#### [Exercise description]
Return the data below unaltered, but strip out the pictures.

#### [Data below]
____

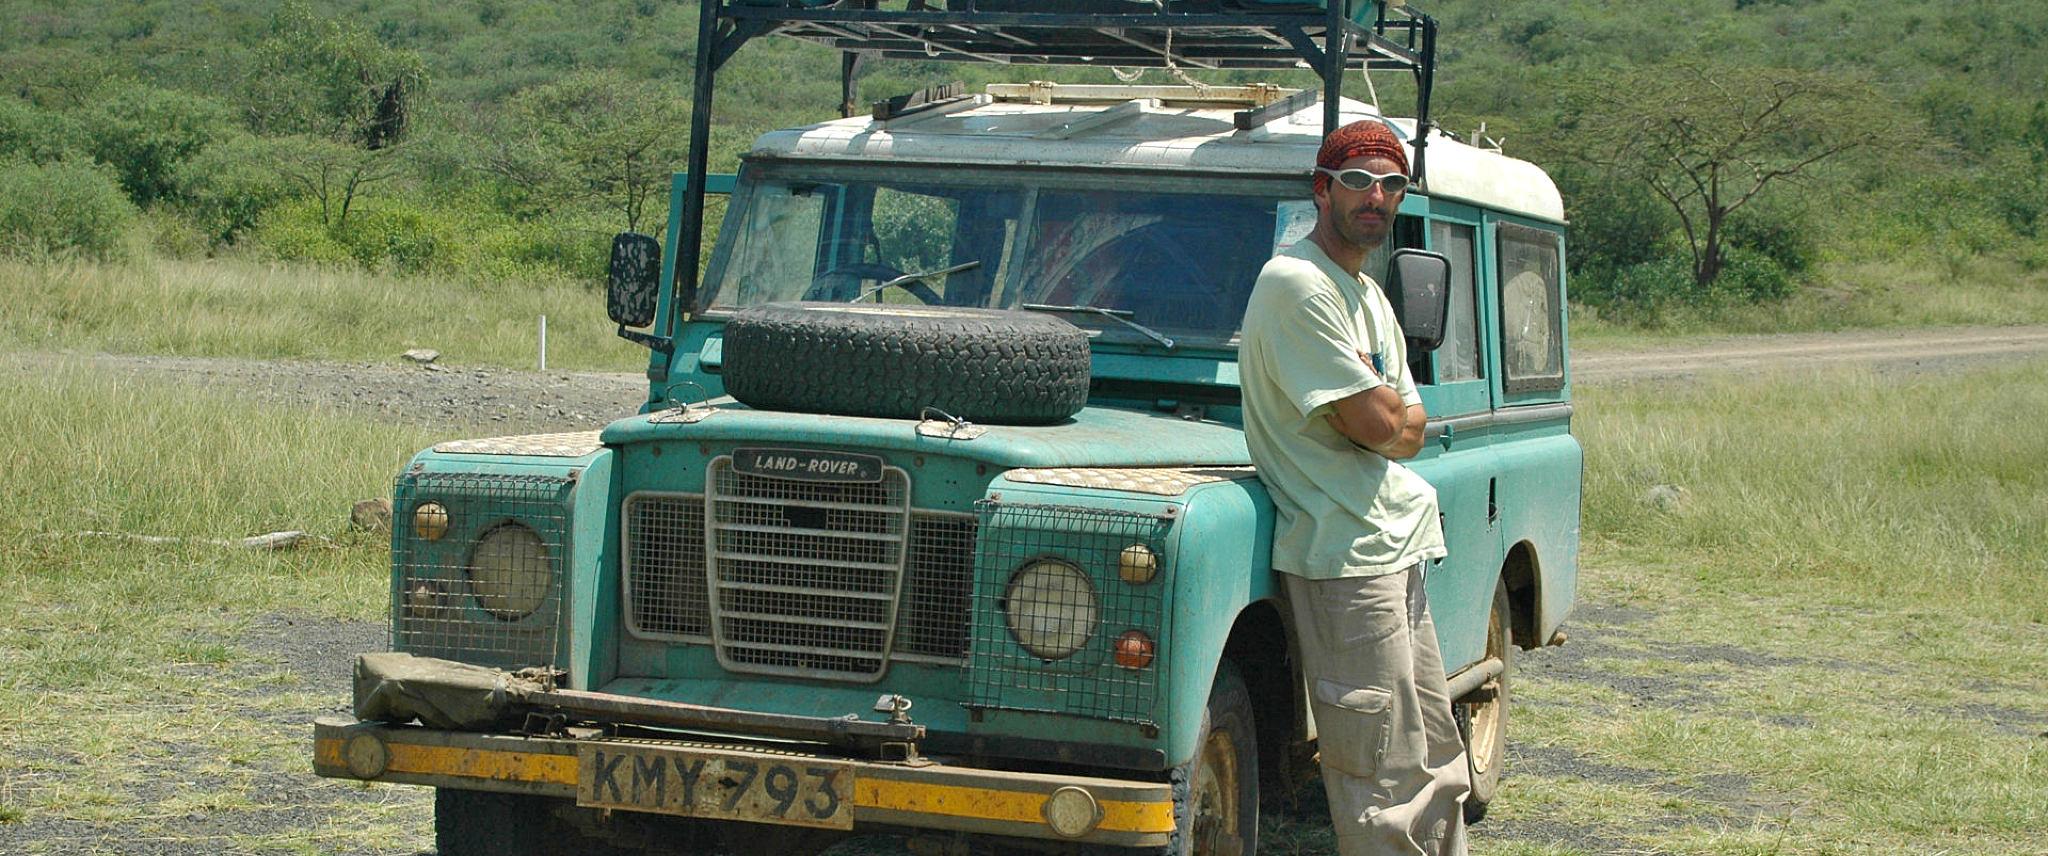 landrover africa kenya heroimage 1
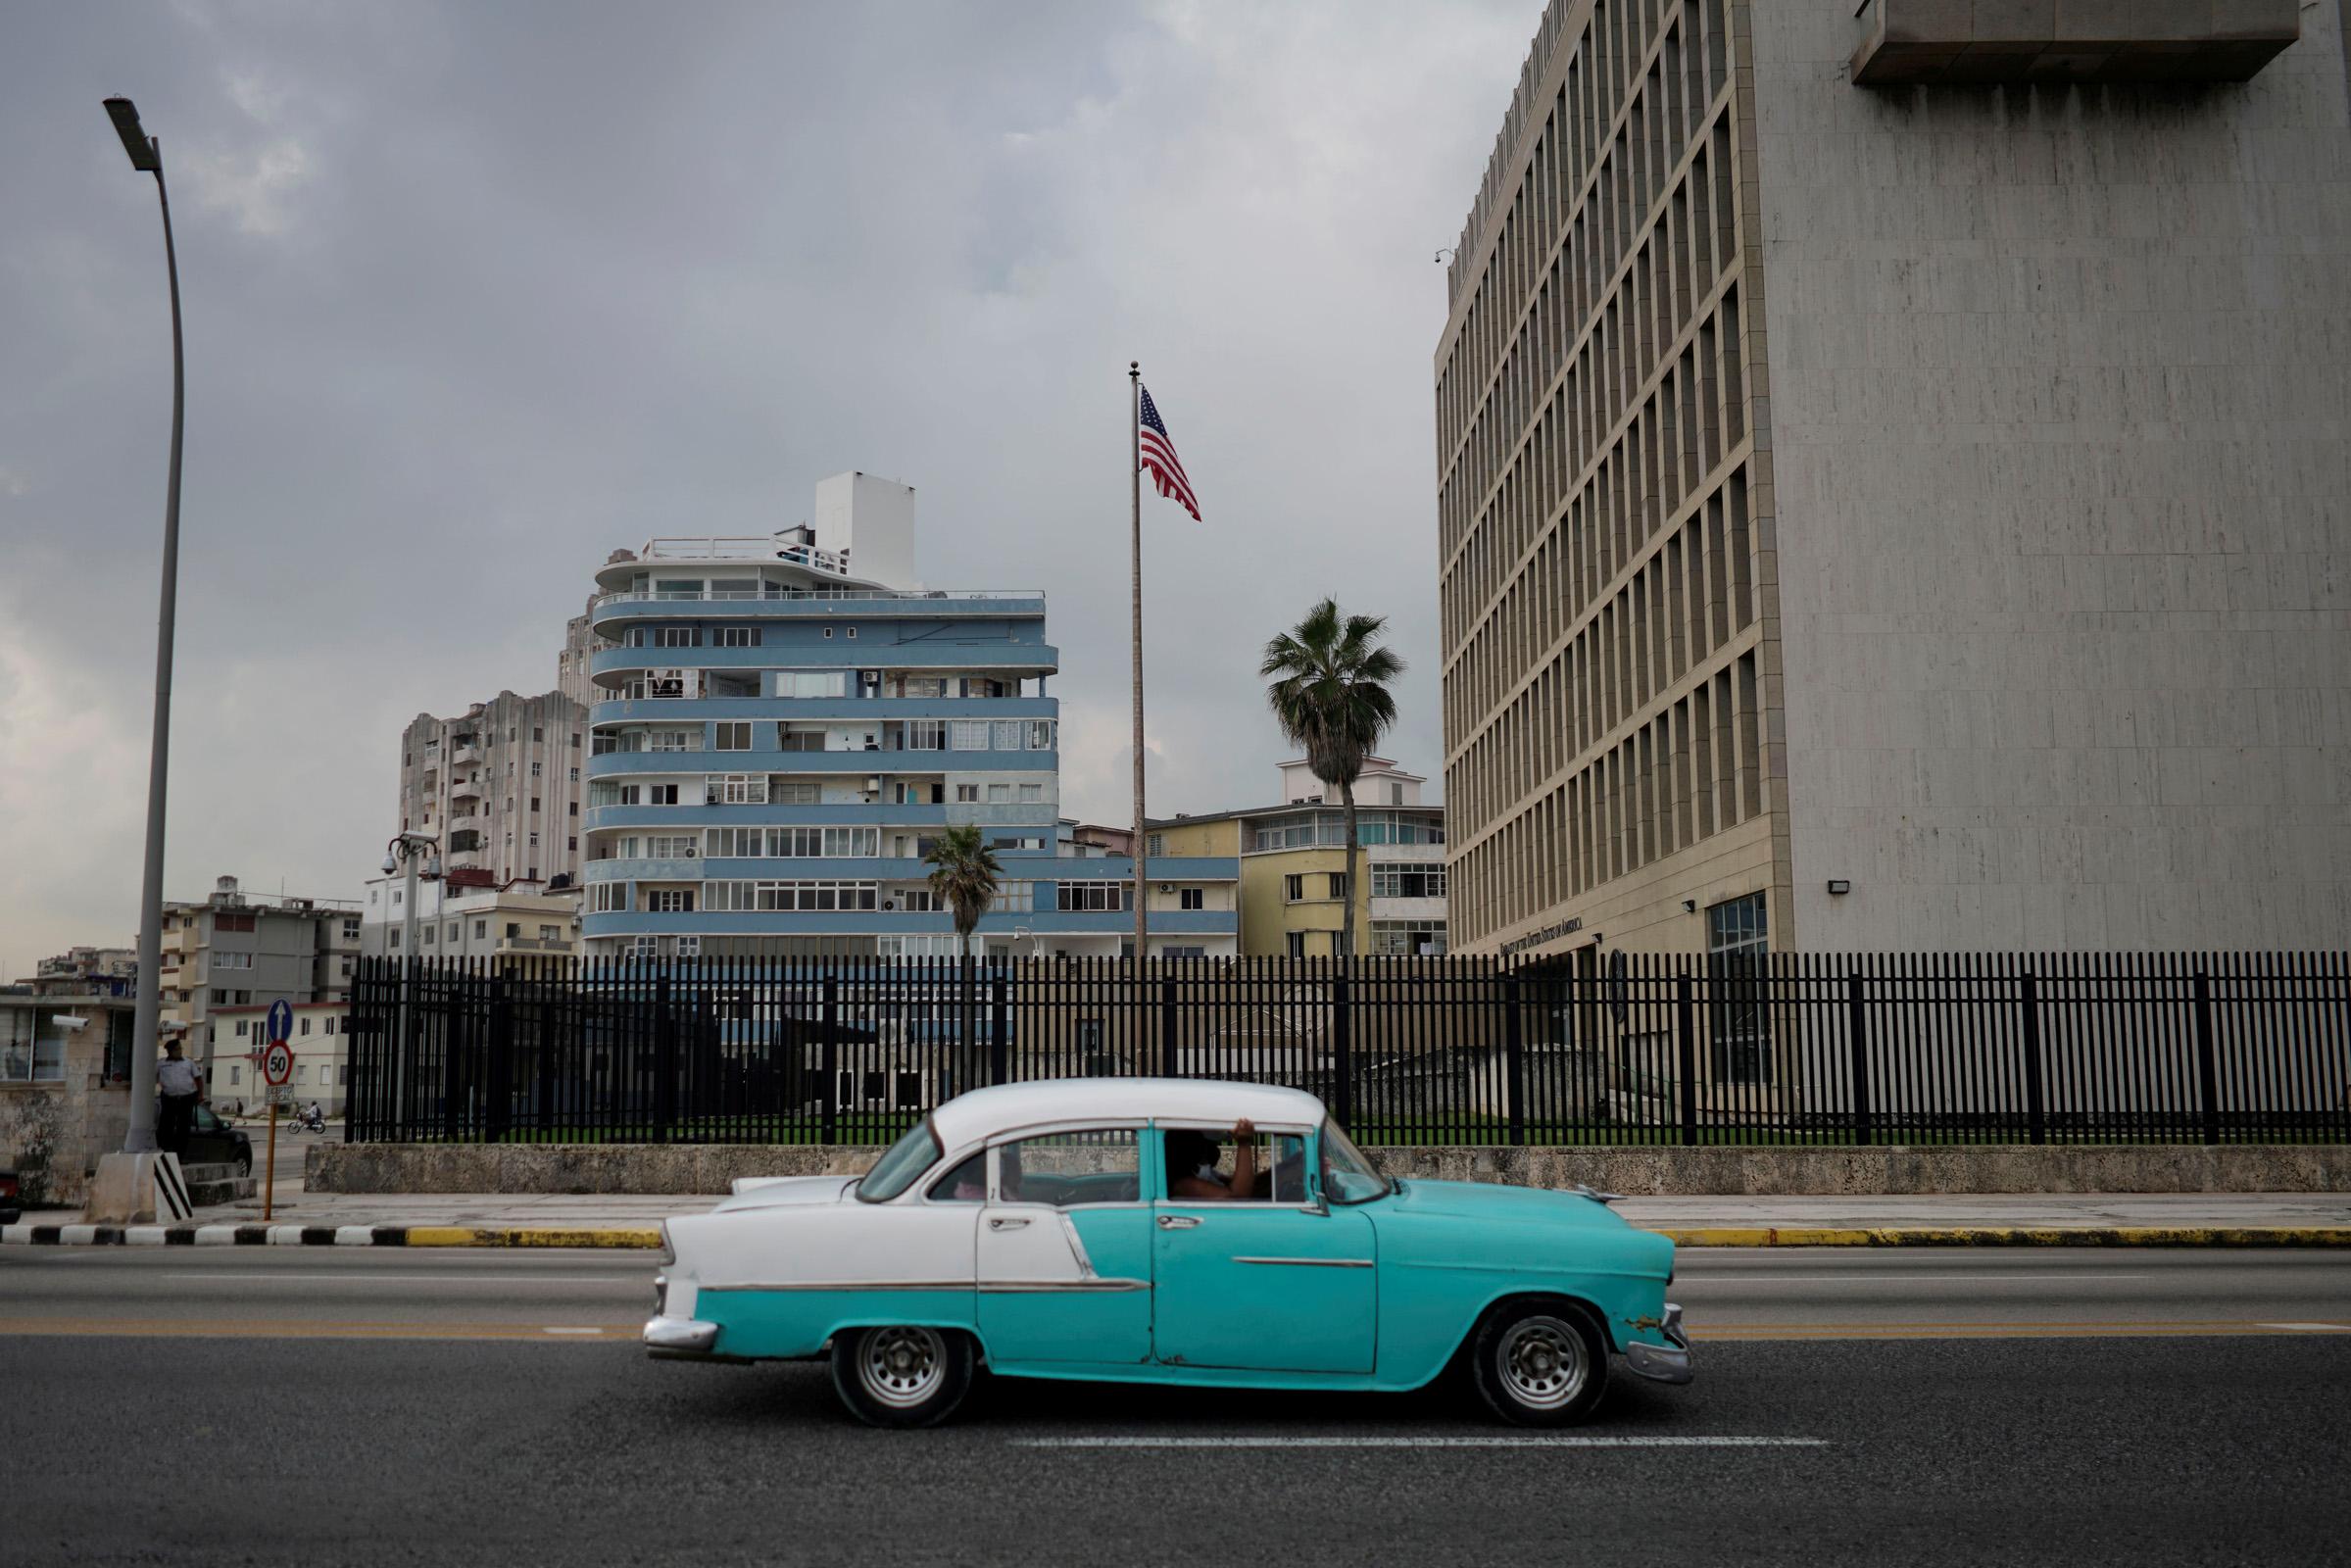 Κούβα: Το μήνυμα του προέδρου και οι ελπίδες μετά την εκλογή Μπάιντεν
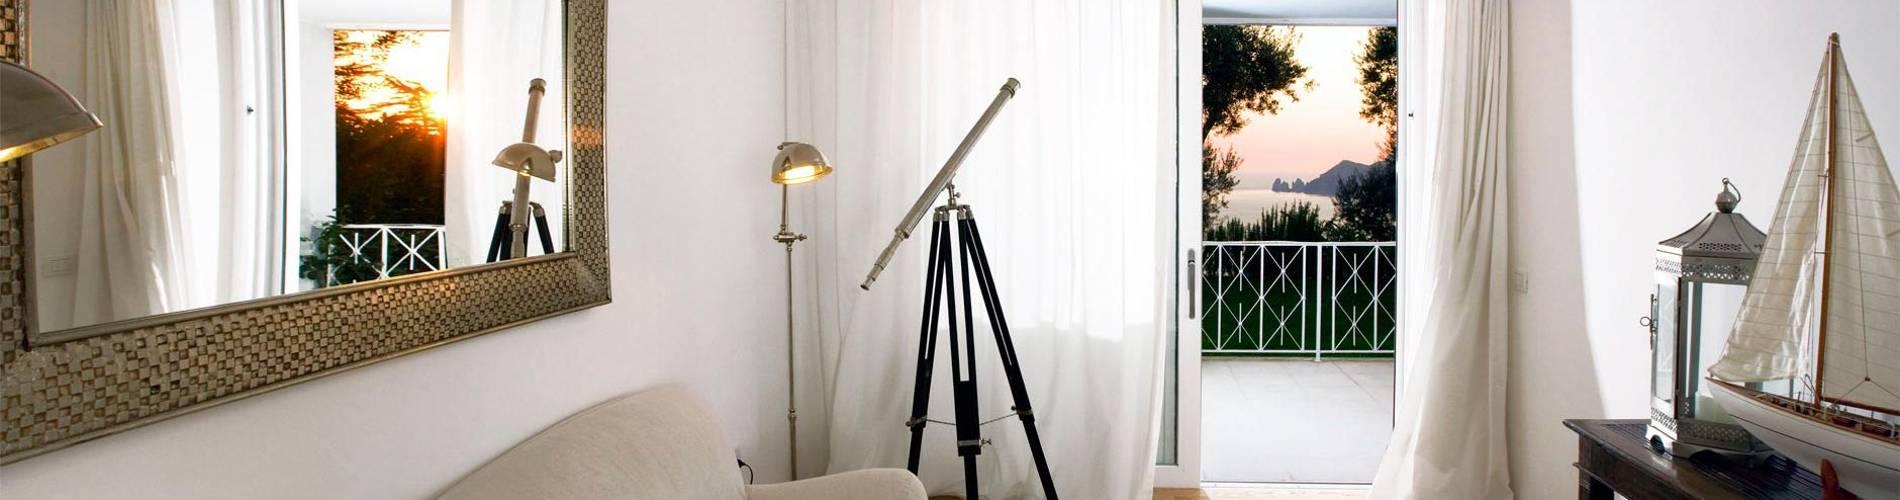 Relais Blu, Sorrento, Italy, Special Room SV (7).jpg
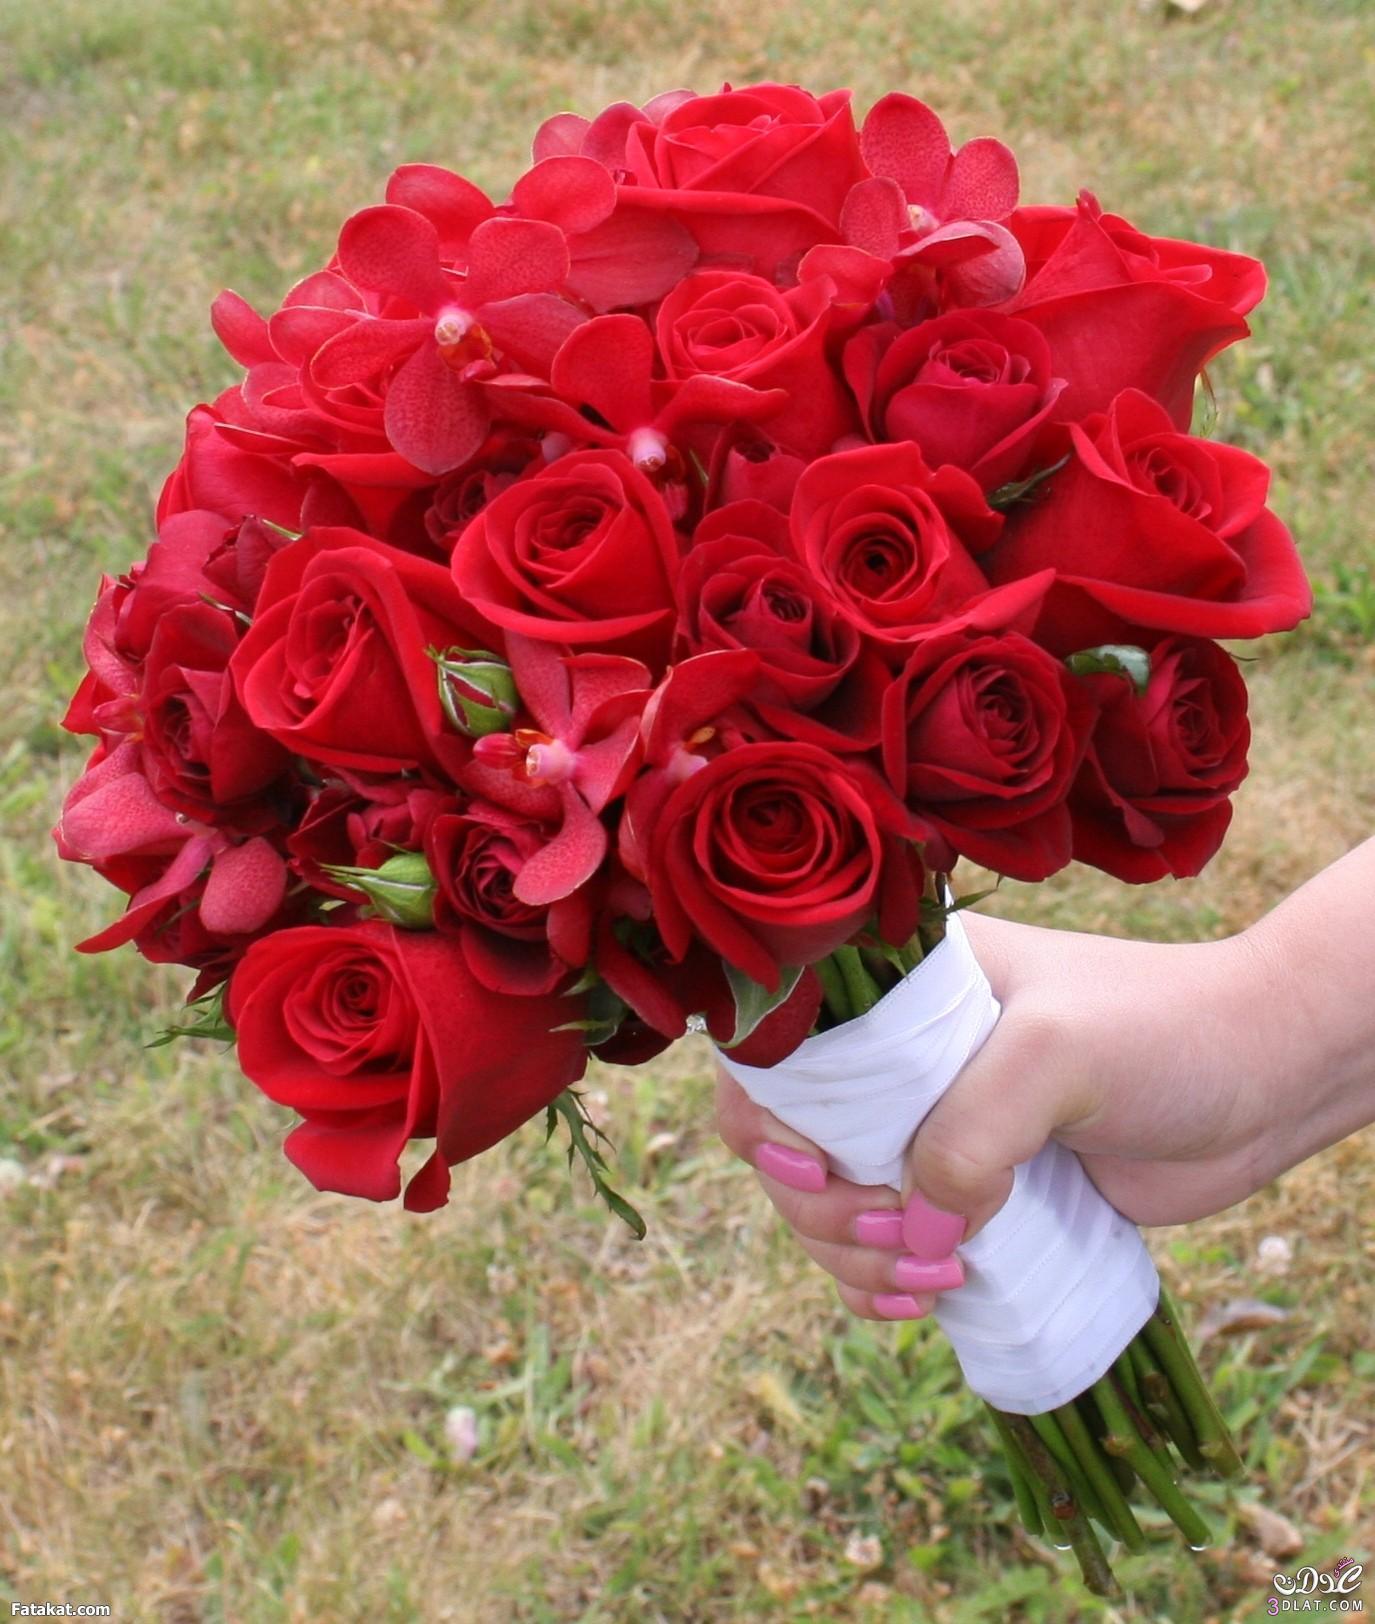 بالصور صور اجمل الورود , صور ائعة لاجمل الورود 5680 3

____

#### [Task result]
 landrover africa kenya heroimage 1
 Κούβα: Το μήνυμα του προέδρου και οι ελπίδες μετά την εκλογή Μπάιντεν
 Relais Blu, Sorrento, Italy, Special Room SV (7).jpg
 بالصور صور اجمل الورود , صور ائعة لاجمل الورود 5680 3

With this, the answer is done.